Building a coil winder [Part 3] - Proof of concept

TL;DR

Demonstration of coil winder functionality and areas for improvement.

Transcript

welcome everyone this is the third video of my coil window video series in this video i'm going to show you how this thing works and what is left to improve or finish so in my previous two videos related to this project i showed you the mechanism and i also showed you how i assembled the electronics however that is a slightly uh changed thing in th... Read More

Key Insights

• ✋ Understanding the mechanical interactions in a coil winder is critical for producing high-quality coils.
• 📽️ The programming of the microcontroller directly influences the effectiveness of the winding process, highlighting the importance of software in hardware projects.
• 🥺 The coil winder's tensioning mechanism currently requires refinement, as insufficient tension can lead to winding imperfections.
• ❓ The careful alignment of components and precise measurements are essential for successful coil production.
• 🎨 Demonstrating the product helps identify technical challenges that can be addressed in future iterations of the design.
• 📽️ Effective troubleshooting during project demonstrations reveals valuable insights into operational weaknesses.
• 🧑‍🦼 Utilization of advanced components, such as stepper motor drivers, enhances the coil winder's functionality and control.

Questions & Answers

Q: What type of stepper motors are used in the coil winder?

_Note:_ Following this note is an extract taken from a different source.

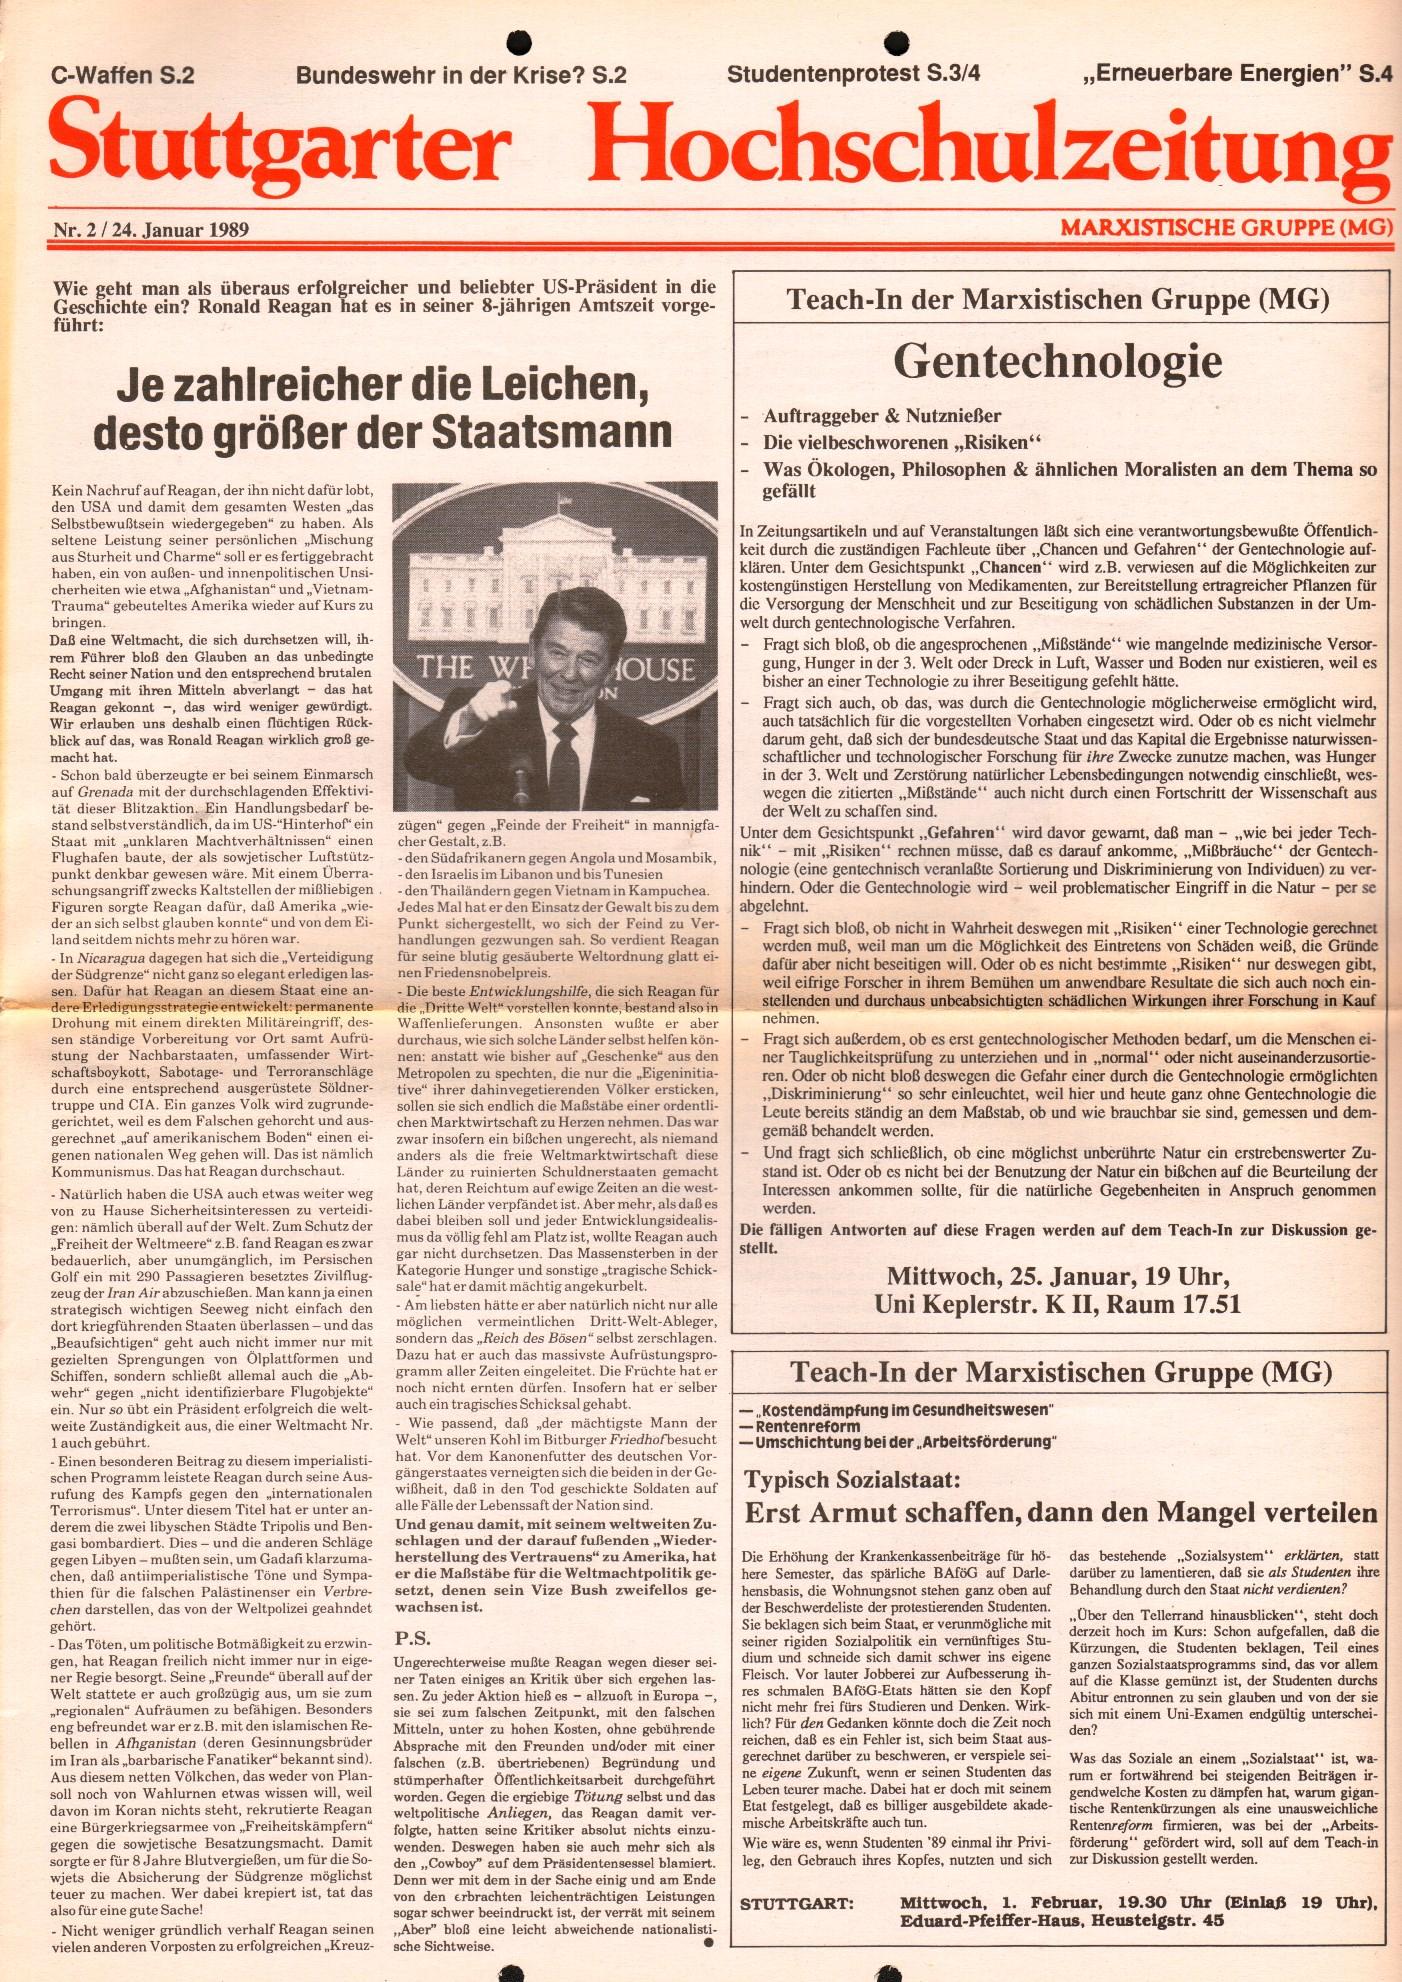 Stuttgart_MG_Hochschulzeitung_1989_02_01

The coil winder employs NEMA 17 stepper motors, which provide different torque levels crucial for driving the main and feeder shafts. These motors rotate the main shaft continuously while the feeder shaft moves back and forth to precisely position the wire on the coil, ensuring an even winding process.

Q: How does the electronic control panel work in the project?

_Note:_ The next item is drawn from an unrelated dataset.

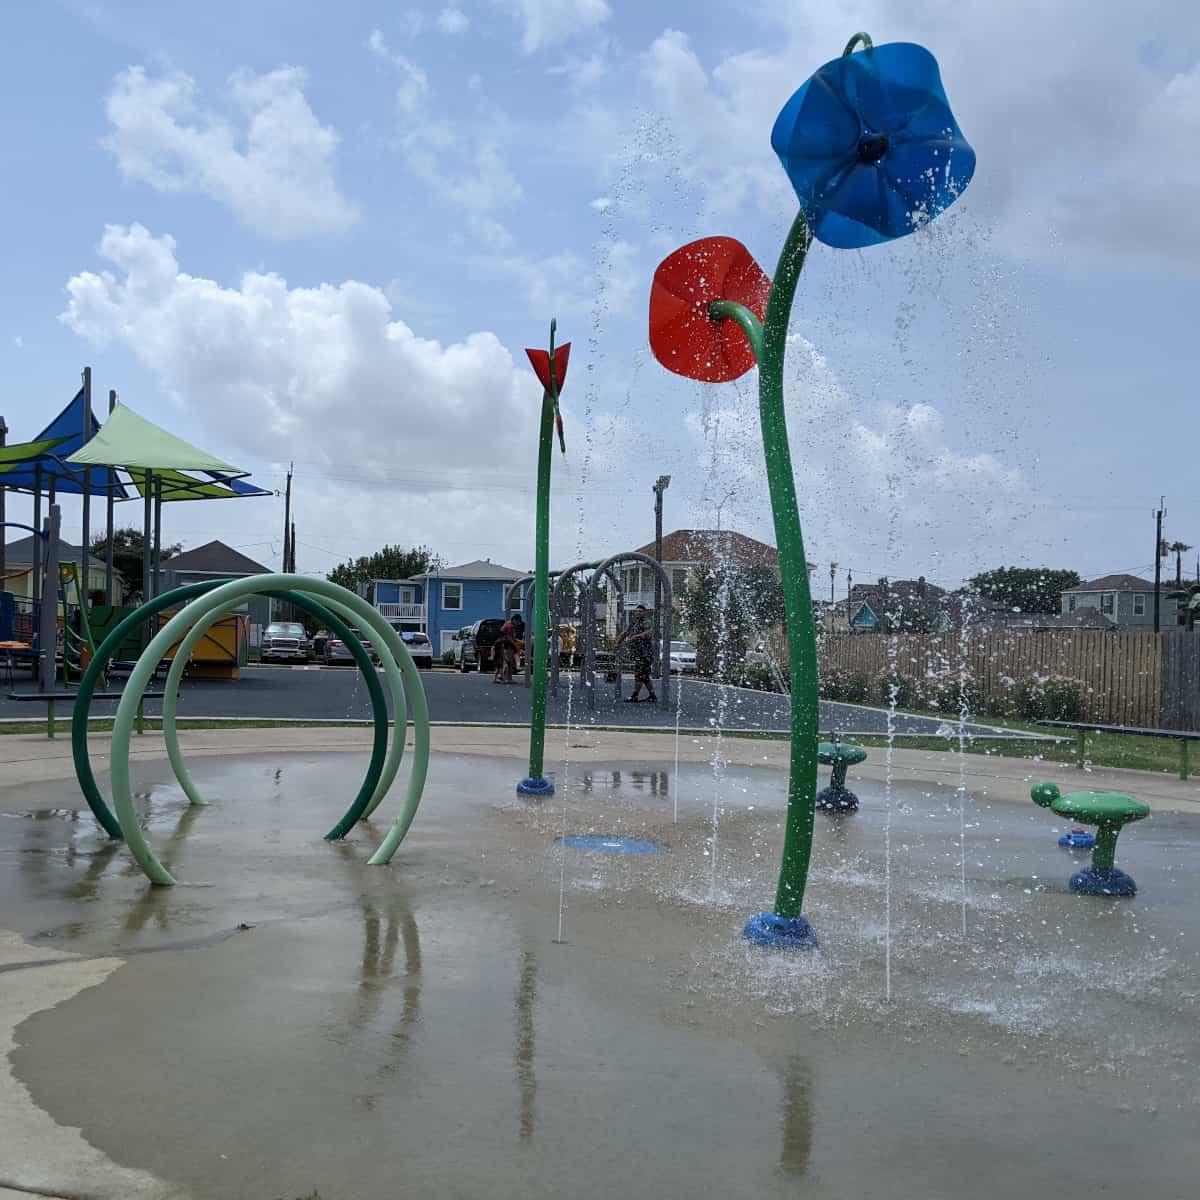 Menard Park Galveston Splashpad

The control panel features an STM32 Bluepill microcontroller and an LCD for user input. Users can adjust settings such as winding speed and wire diameter. Button controls let users start or stop the winding process, while a rotary encoder provides feedback on the system's operations, allowing for real-time adjustment and monitoring.

Q: What were the issues encountered during the coil demonstration?

During the demonstration, the coil winding process encountered complications, particularly with maintaining tension on the wire. After achieving initial alignment, the mechanism failed, causing layers to become loose and messy. This highlighted the need for further improvements in the mechanical design to avoid similar issues in future demonstrations.

Q: What future improvements are planned for the coil winder?

Future improvements will focus on enhancing the wire tensioning system to ensure consistent and reliable performance. The presenter is sourcing better components to replace the existing setup. Additionally, ongoing software development will enhance calculations for spacing (pitch) between layers of winding, aiming to increase the reliability of the final coil product.

Summary & Key Takeaways

• The video showcases the coil winder's mechanism, including stepper motors, a microcontroller, and the wire-feeding system, with an emphasis on how it performs coil winding.

• The presenter explains the programming involved in controlling the motors, outlining the challenge of achieving precise tension and positioning during the winding process.

• Although there were technical difficulties during the demonstration, the software functioned well, suggesting that future improvements will focus on the mechanical aspects of the device.